*TASK DIRECTIONS*:
The whole listing, exactly as given: write it out, leaving out each image.

*SOURCE MATERIAL*:
============

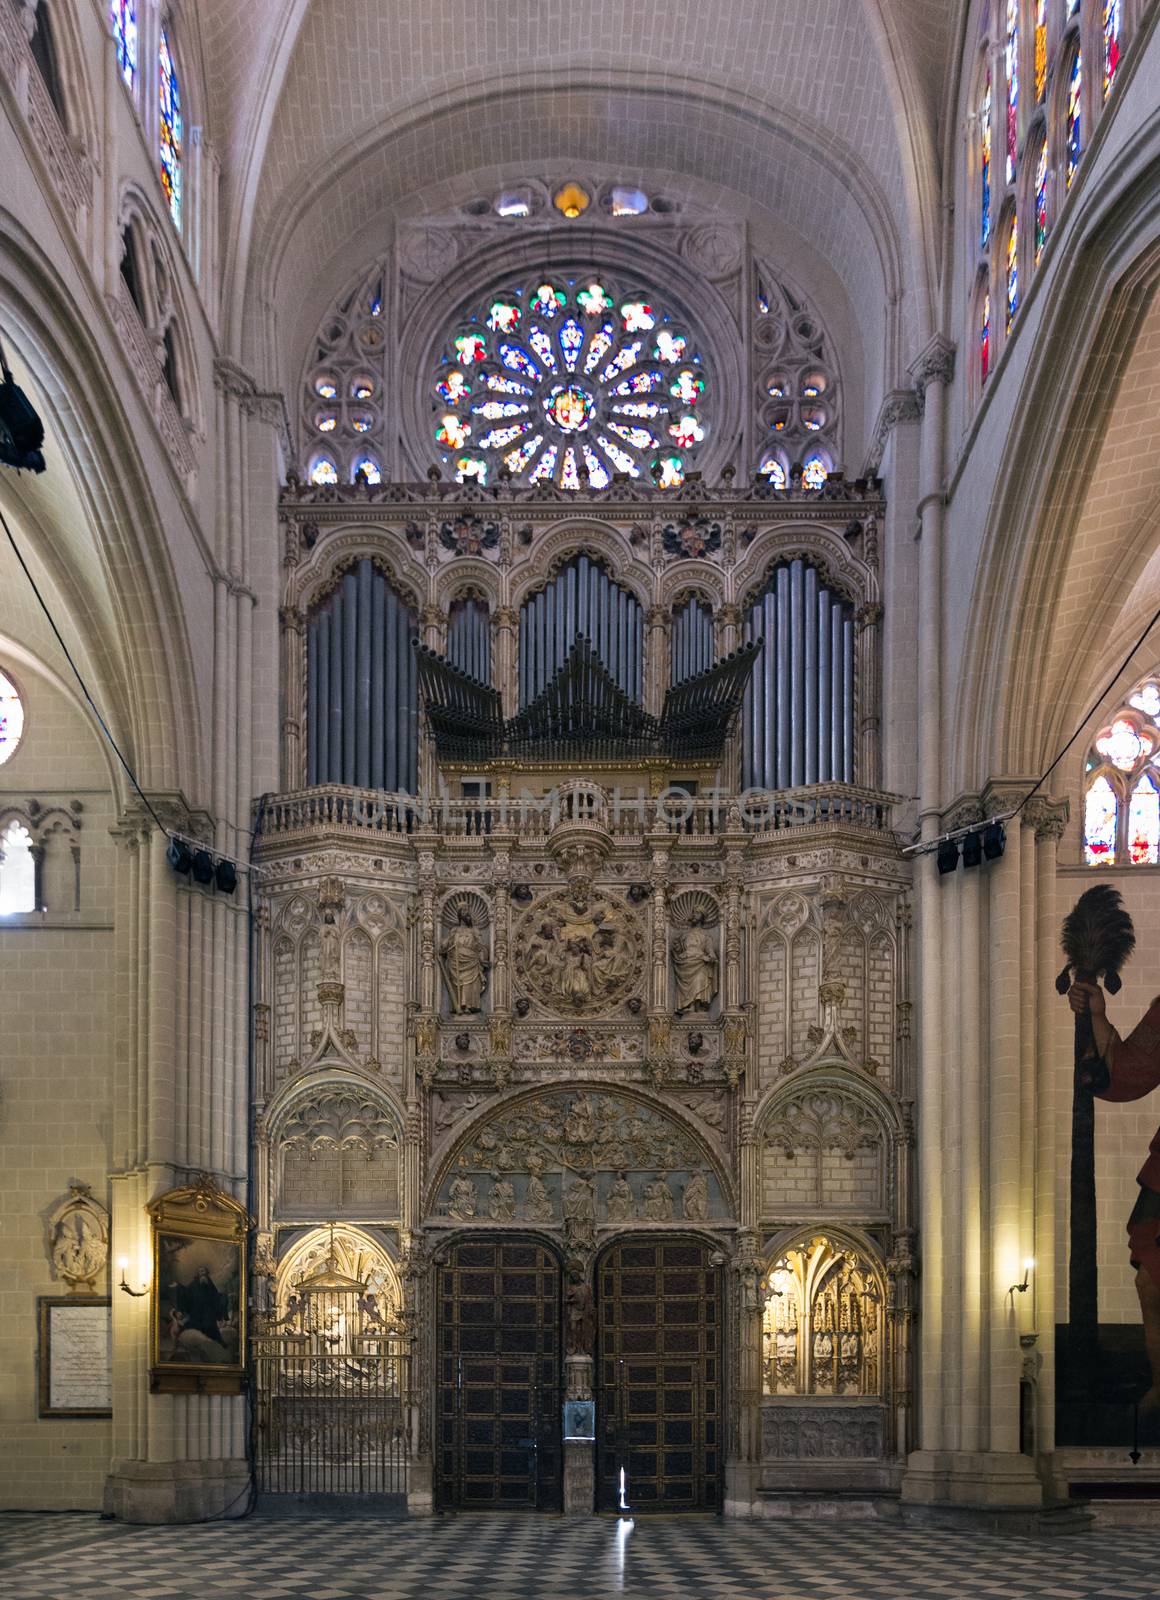 TOLEDO, SPAIN - MAY 19, 2014: Doorway and church organ of Toledo by fisfra
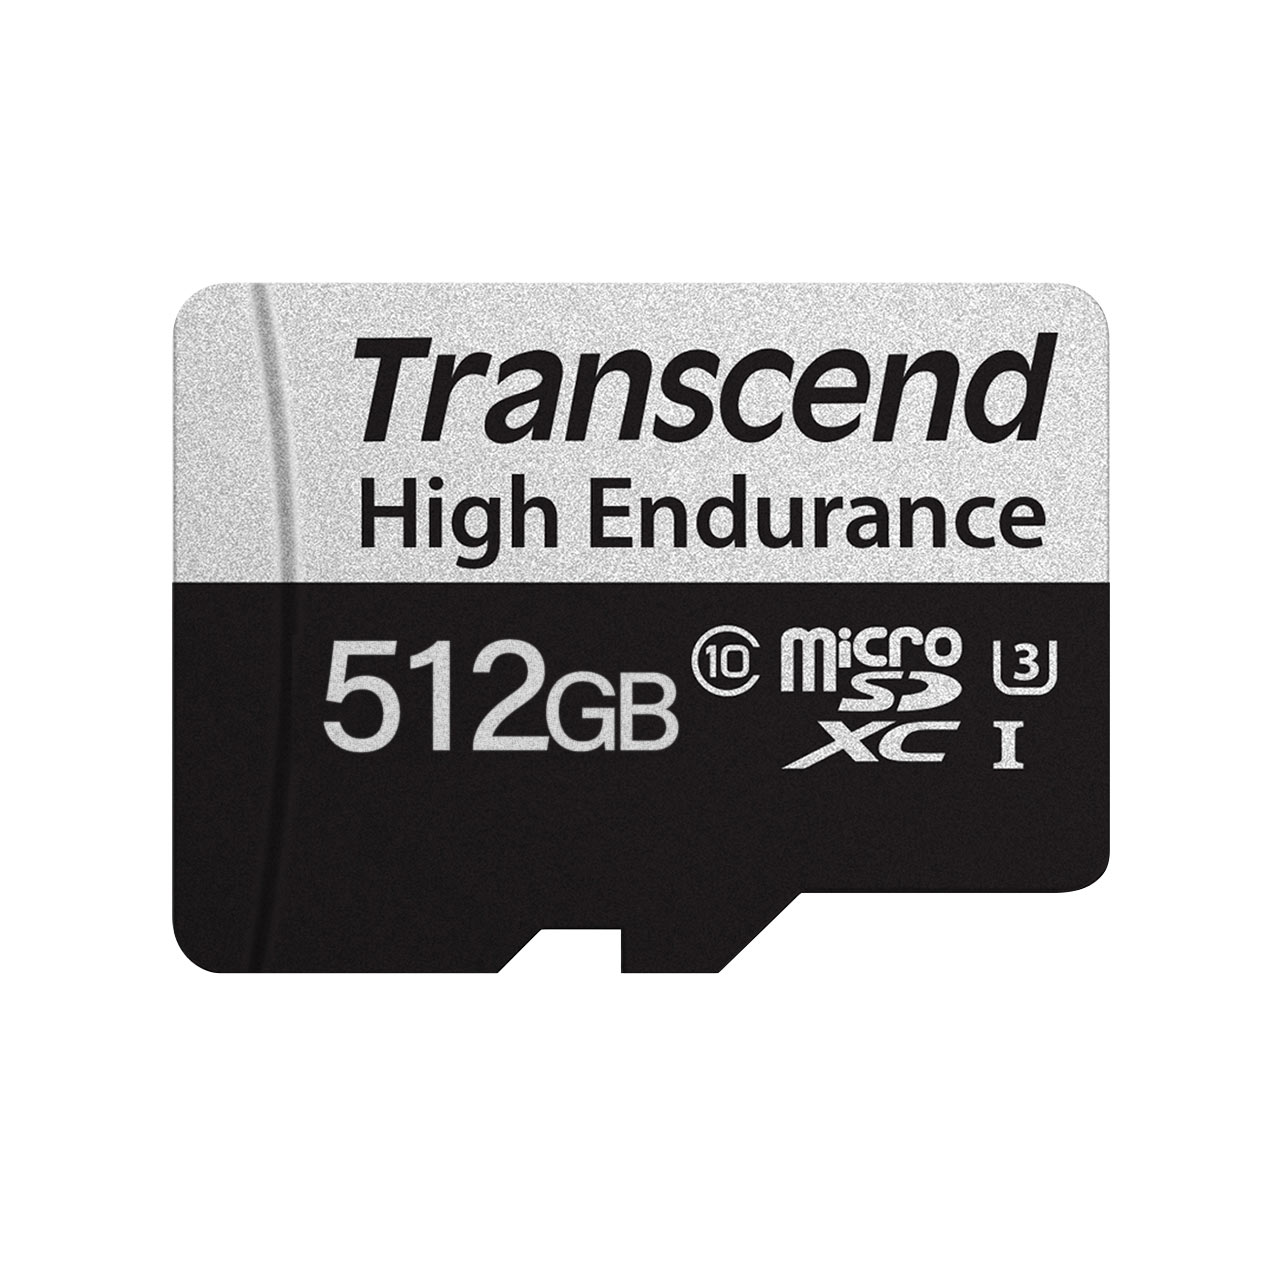 microSDXCカード 512GB Class10 UHS-I U3 高耐久 SDカード変換アダプタ
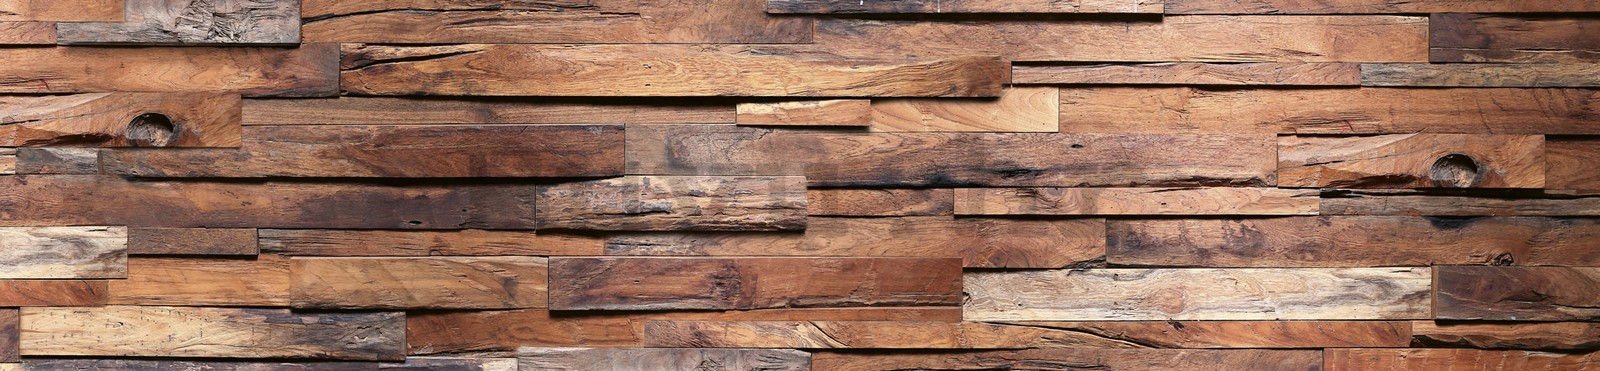 Samoljepljiva periva tapeta za kuhinju - Drveni zid, 260x60 cm
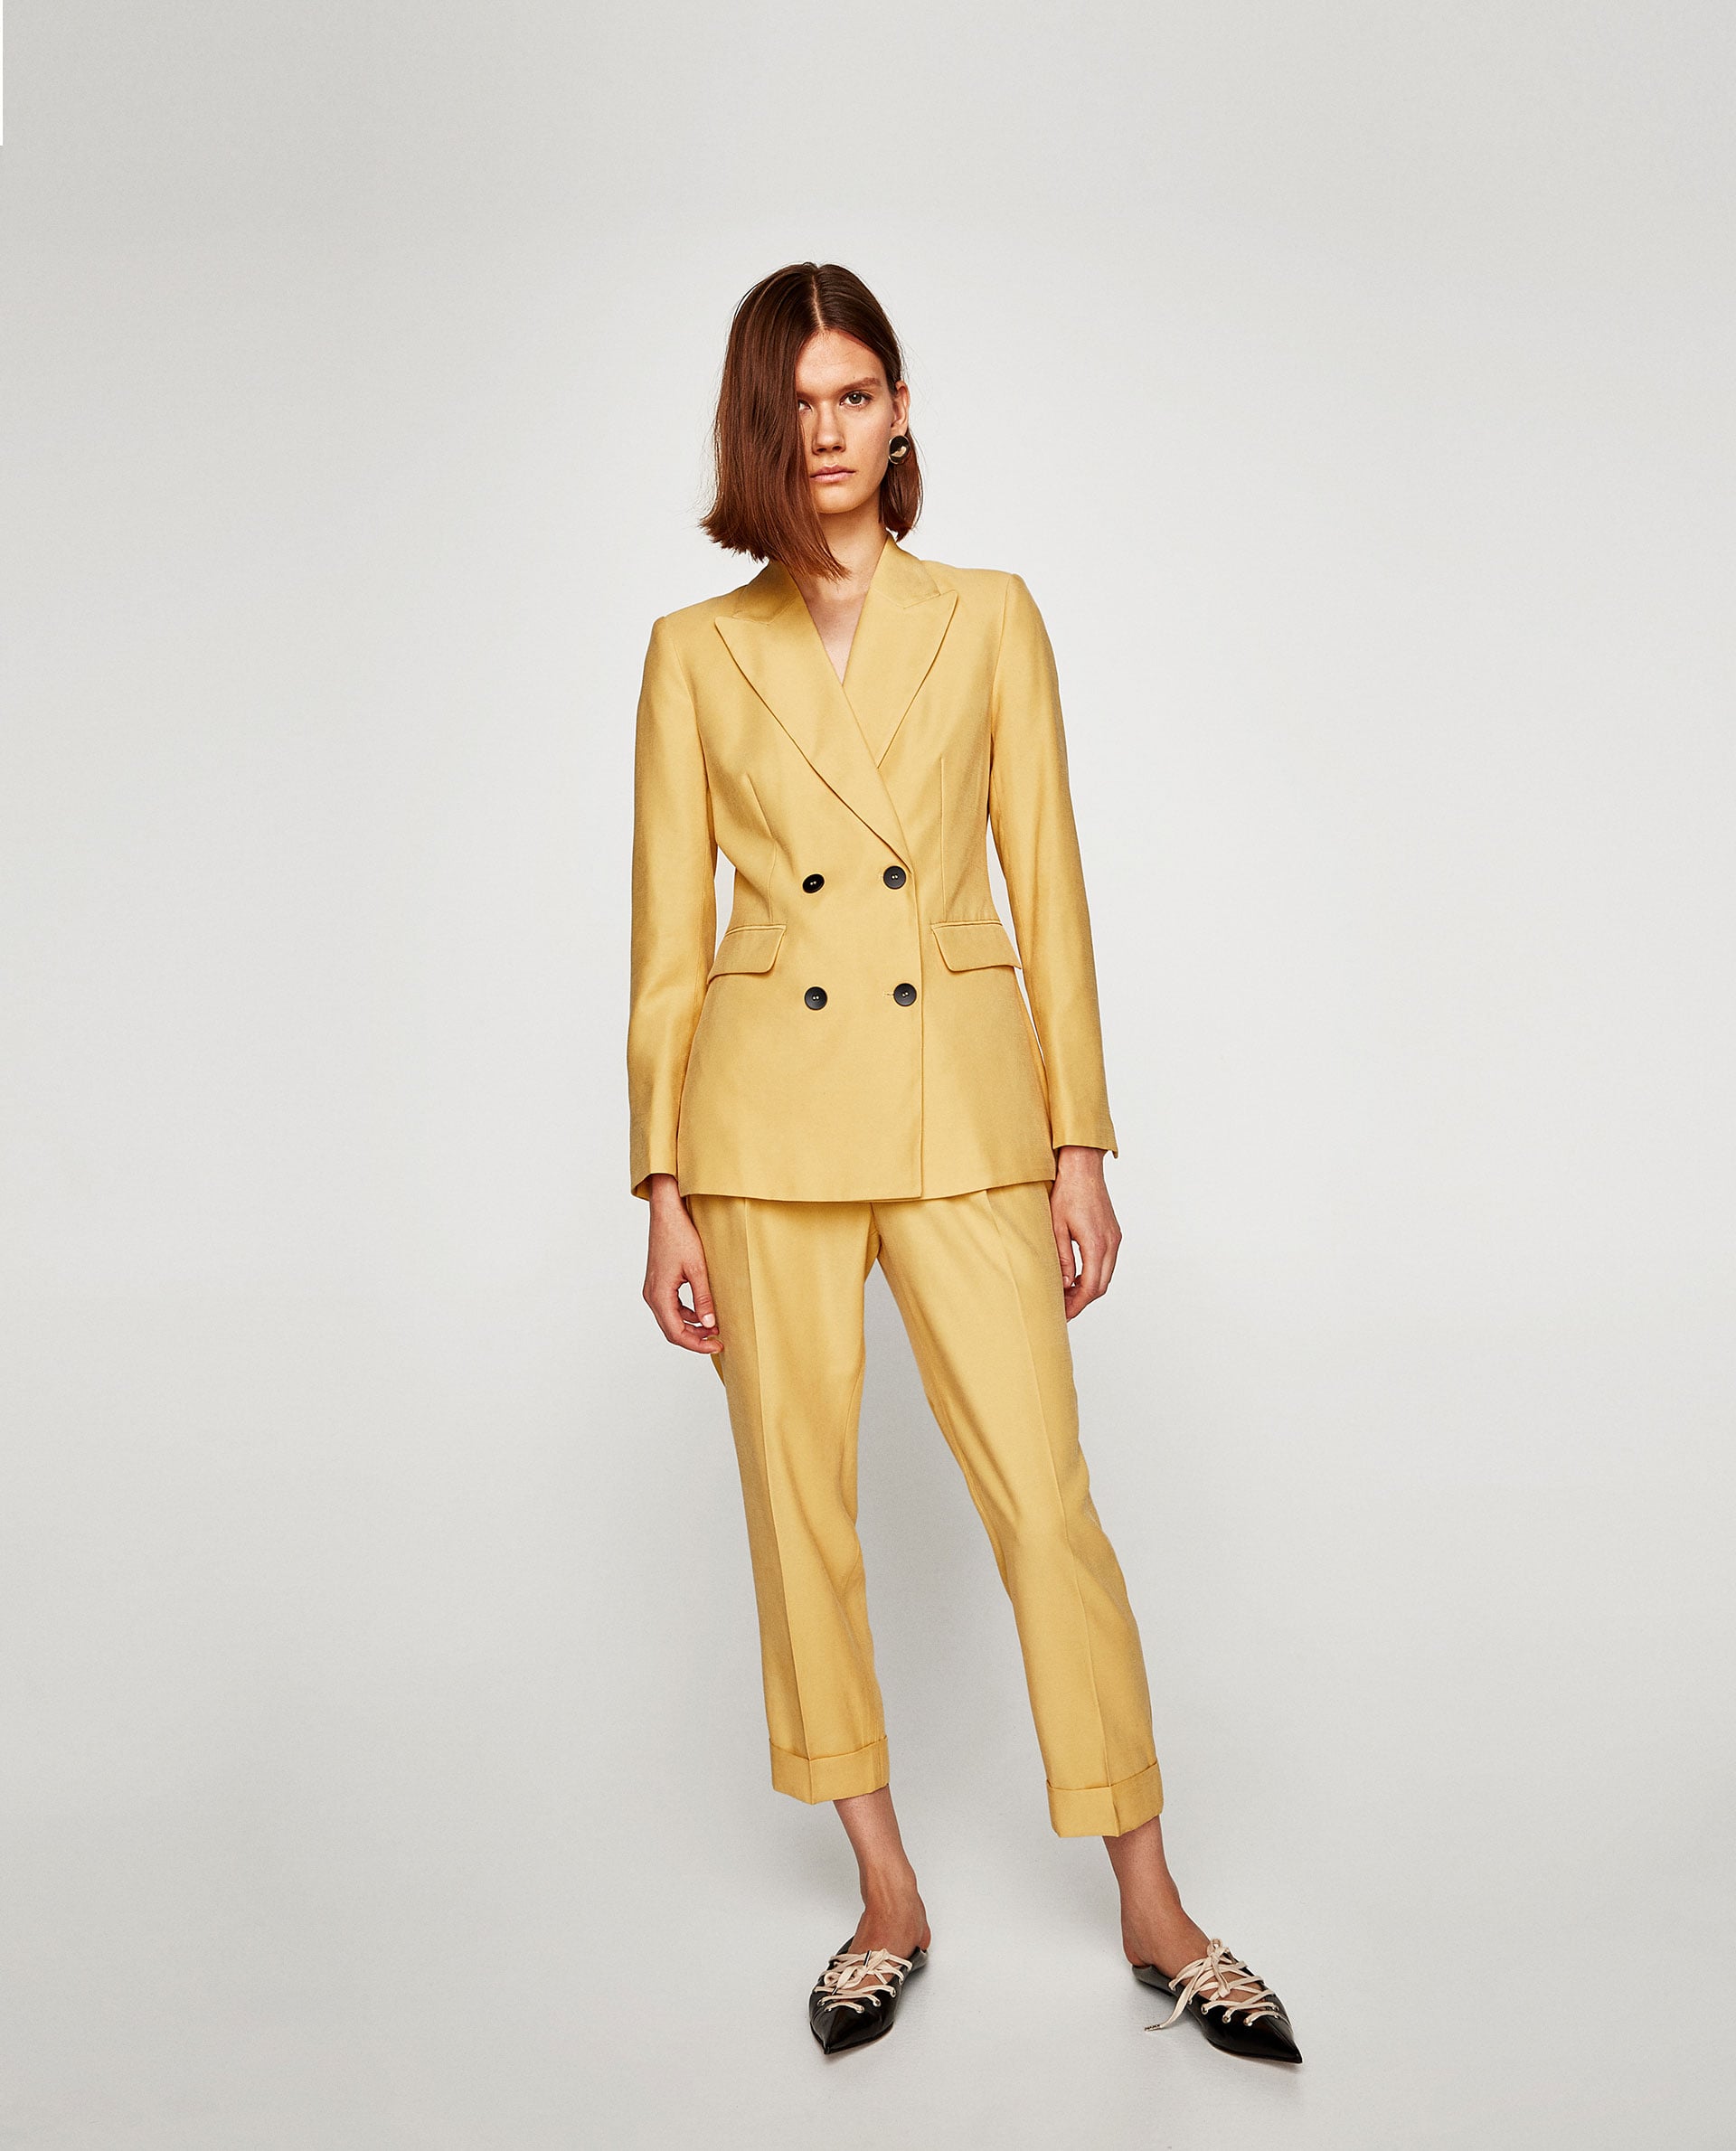 Zara Yellow Pantsuit Set | You'll See

============

*SOLUTION TO THE EXERCISE*:
 TOLEDO, SPAIN - MAY 19, 2014: Doorway and church organ of Toledo by fisfra
 microSDXCカード 512GB Class10 UHS-I U3 高耐久 SDカード変換アダプタ
 Samoljepljiva periva tapeta za kuhinju - Drveni zid, 260x60 cm
 Zara Yellow Pantsuit Set | You'll See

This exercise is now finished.